You can check for these in a number of ways. After counting reads, look at the clustering (using dba,plotHeatmap()) and PCA (using dba.plotPCA()) to see what is driving the variance in your samples. After performing an analysis, you can retrieve all of the statistics using dba.report() and setting th=1 to see all the consensus peaks. This will show you the relative concentrations of reads in each sample group and the calculated fold change, along with the p-value and FDR confidence scores. You can also set bCounts=TRUE to see the normalized read scores for each peak in each of the samples to see if this corresponds with what you are seeing in your genome browser.

Another reason for not seeing the differential peaks you expect can be an inappropriate normalization, where biological variance of interest is normalized away.

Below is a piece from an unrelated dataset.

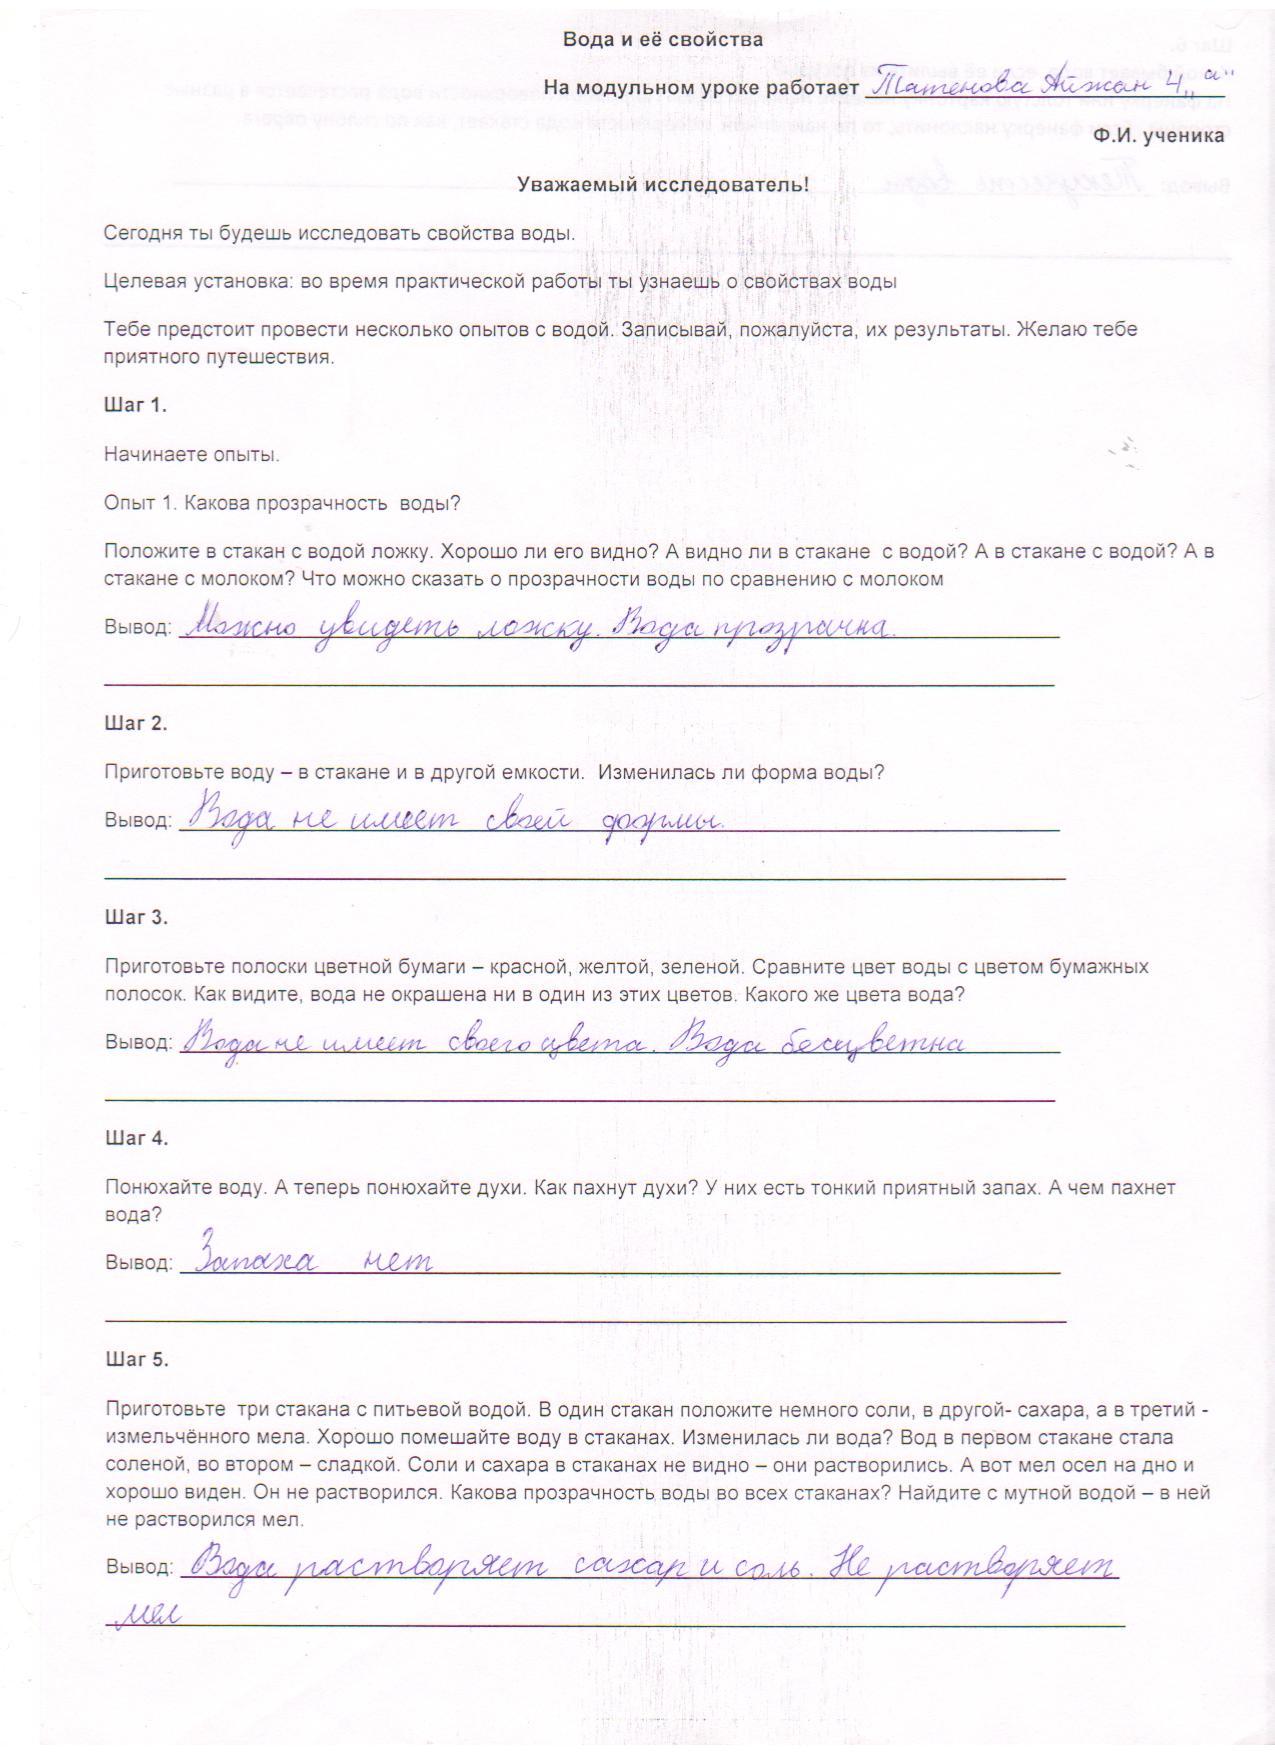 D:\Мои документы\Загрузки\сканерование\Изображение 003.jpg
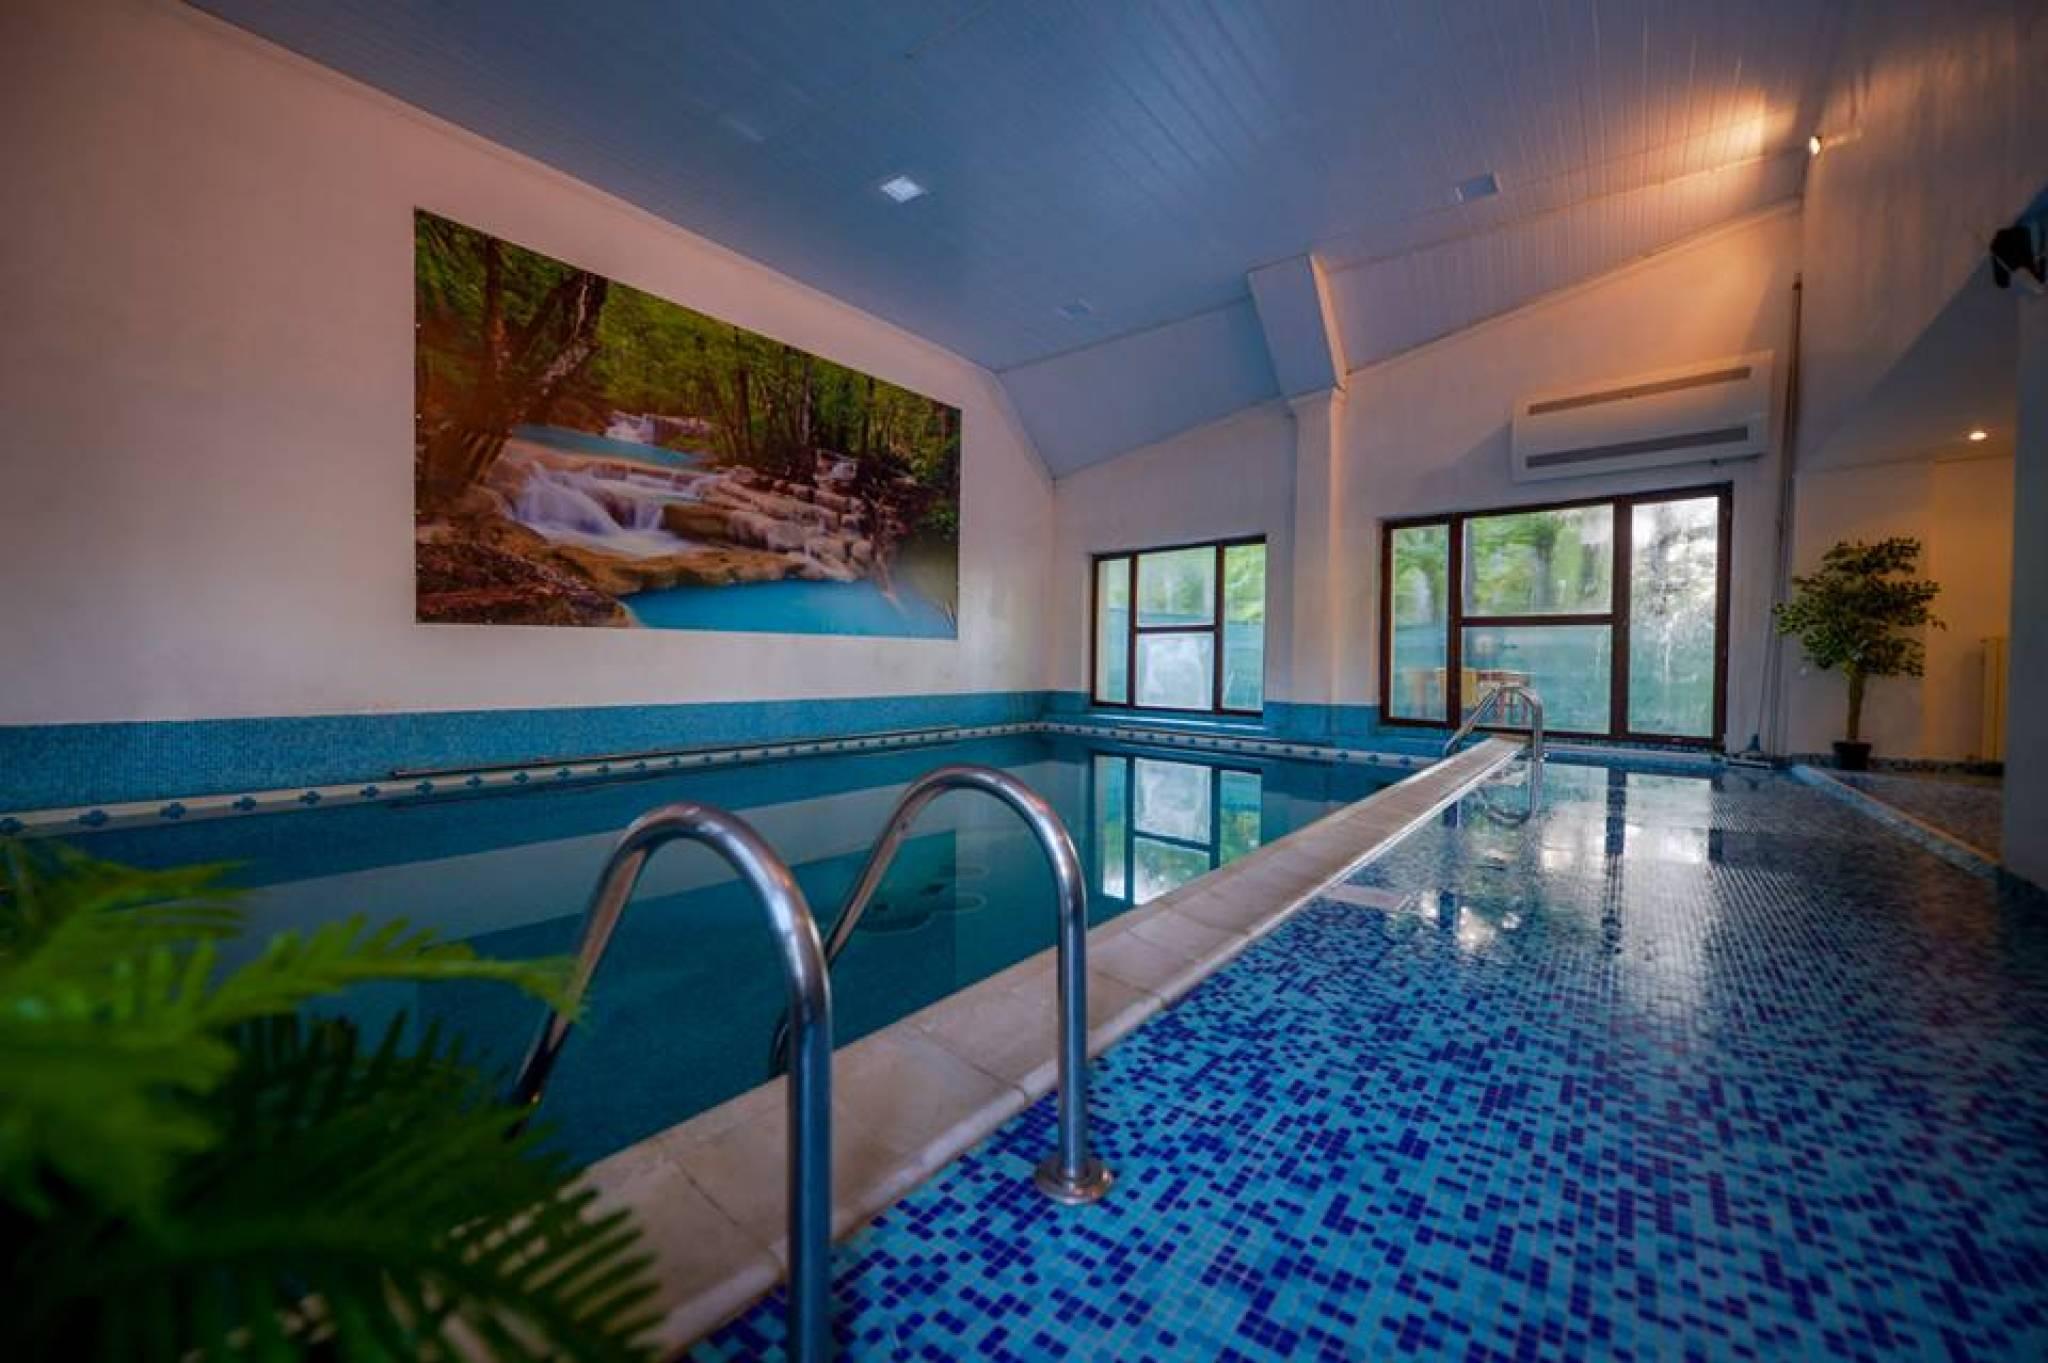 20 de hoteluri si pensiuni din romania ideale pentru for Cazare cu piscina interioara valea prahovei

You can use the dba.plotMA() function to look at the distributions of reads in the raw data, and compare to how this changes under different normalization schemes.

The bottom line is that using overlaps of called peak is not really a reliable way to detect differences in enrichment patterns. We have shown both that peaks unique to one condition do not necessarily stand up to a robust quantitative analysis, and likewise peaks that are called in all samples across conditions can still have very low FDR scores indicating that their affinity is consistently different between samples in different sample groups.